Amir Hossein Golshan, 25, was sentenced to eight years in jail by a Los Angeles District Courtroom and ordered to pay $1.2 million in restitution for crimes involving SIM swapping, service provider fraud, assist fraud, account hacking, and cryptocurrency theft.
Golshan pleaded responsible on July 19, 2023, for hijacking the Instagram account of a distinguished social media influencer. He additionally confessed to finishing up a collection of schemes from April 2019 to February 2023.
“From not less than April 2019 to February 2023, Golshan knowingly executed a number of on-line schemes to defraud lots of of victims via varied on-line scams and unauthorized intrusions into victims’ digital accounts, together with social media account takeovers, Zelle fee fraud, and impersonating Apple assist,” reads the U.S. Division of Justice announcement.
“In whole, Golshan’s total scheme precipitated roughly $740,000 in losses to lots of of victims over a number of years.”
Golshan tried to cover his identification through the use of VPN (digital personal community) instruments and a number of account names. Over time, he reportedly honed his craft to orchestrate more and more extra subtle on-line crimes.
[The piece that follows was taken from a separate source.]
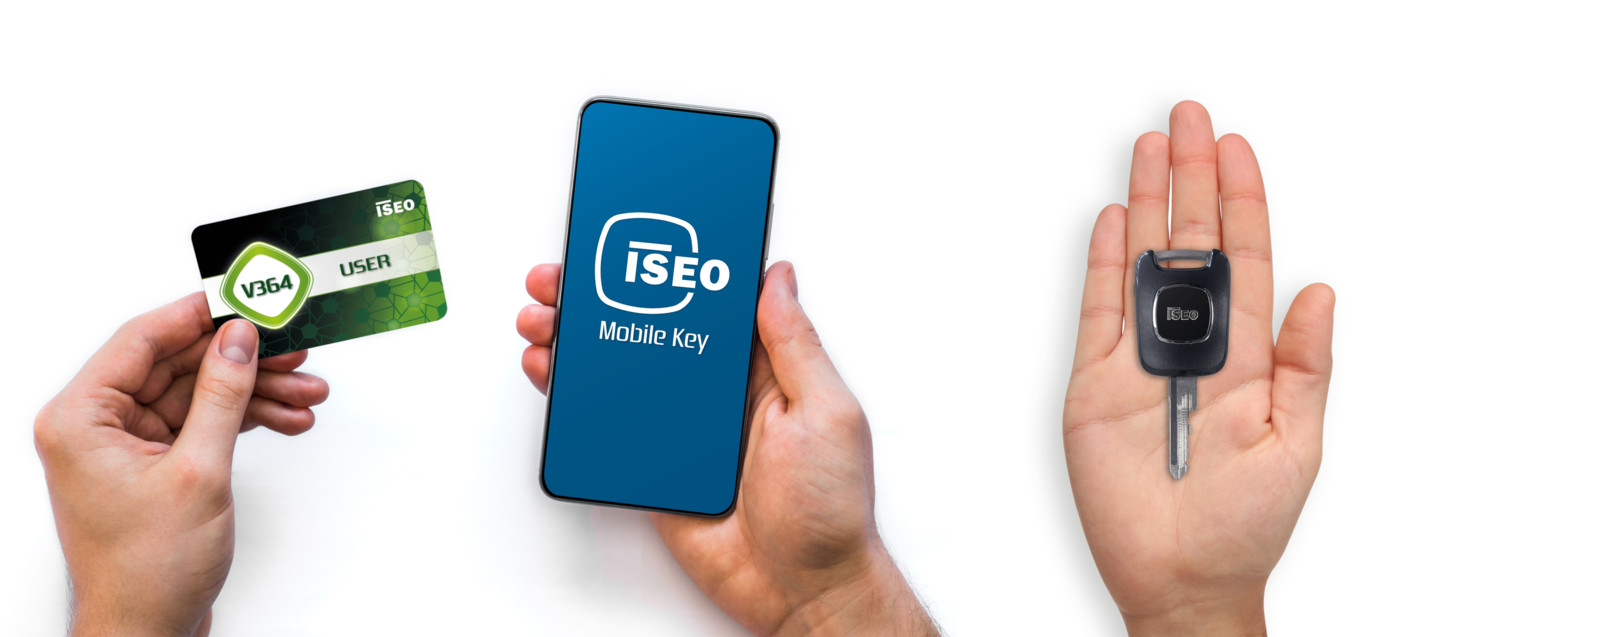 V364 2.0 ist parallel mit RFID-Identmedien sowie mobilen und mechatronischen Schlüsseln nutzbar.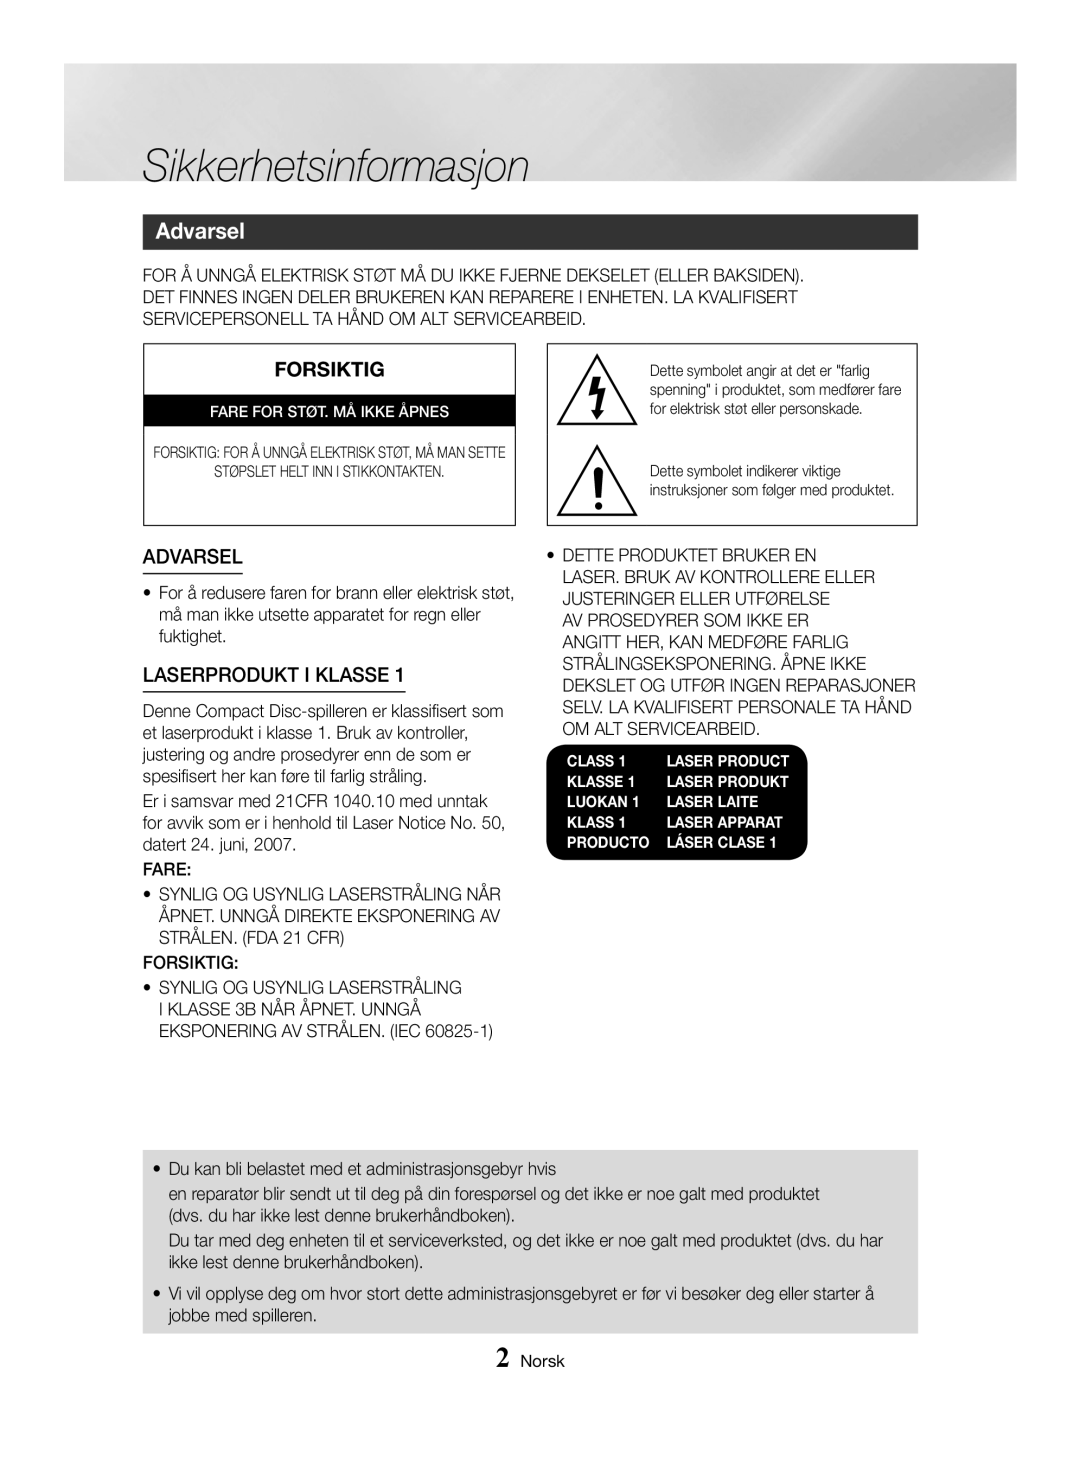 Samsung MX-HS8000/EN, MX-HS8000/ZF manual Sikkerhetsinformasjon, Forsiktig, Laserprodukt I Klasse, Advarsel

By means of social engineering, Golshan satisfied carriers, together with T-Cellular, to switch cellular phone numbers from professional subscribers to his SIM playing cards. This allowed him to bypass SMS-based two-factor authentication (2FA) and hijack social media accounts.
In a single high-profile case from December 2021, he hijacked the Instagram account of a Los Angeles-based mannequin via SIM swapping after contacting her from a hijacked pal’s account.
Subsequent, he abused his entry to the account through the use of it to message lots of her buddies, asking them to ship cash to Zelle and PayPal accounts he managed.
Moreover, Golshan extorted the mannequin for $2,000, threatening to delete the social media account he had hijacked.
In different circumstances, Golshan marketed Instagram verification companies, duping victims into sending him funds starting from $300 to $500 in change for a verification badge on their accounts.
By means of the above schemes, it’s estimated that Golshan made $82,000 from roughly 500 victims.
Later, in August 2022, the prolific scammer posed as Apple Assist personnel to achieve unauthorized entry to Apple iCloud accounts.
He deceived victims into believing he would improve their account safety, tricking them into sharing their six-digit safety code, enabling the scammer to bypass present protections.
By accessing different individuals’s iCloud storage, Golshan was capable of steal digital property, together with $319,000 value of NFTs and $70,000 value of cryptocurrency. The scammer resold these property on an NFT market inside 24 hours for $130,000.
To defend in opposition to SIM swapping assaults, activate quantity porting safety in your provider, use a bodily safety key or authenticator app as a substitute of SMS, and restrict the delicate data you share on-line.
The Federal Communications Fee (FCC) has not too long ago adopted new guidelines to guard shoppers from SIM-swapping assaults, making fraudulent quantity transfers tougher.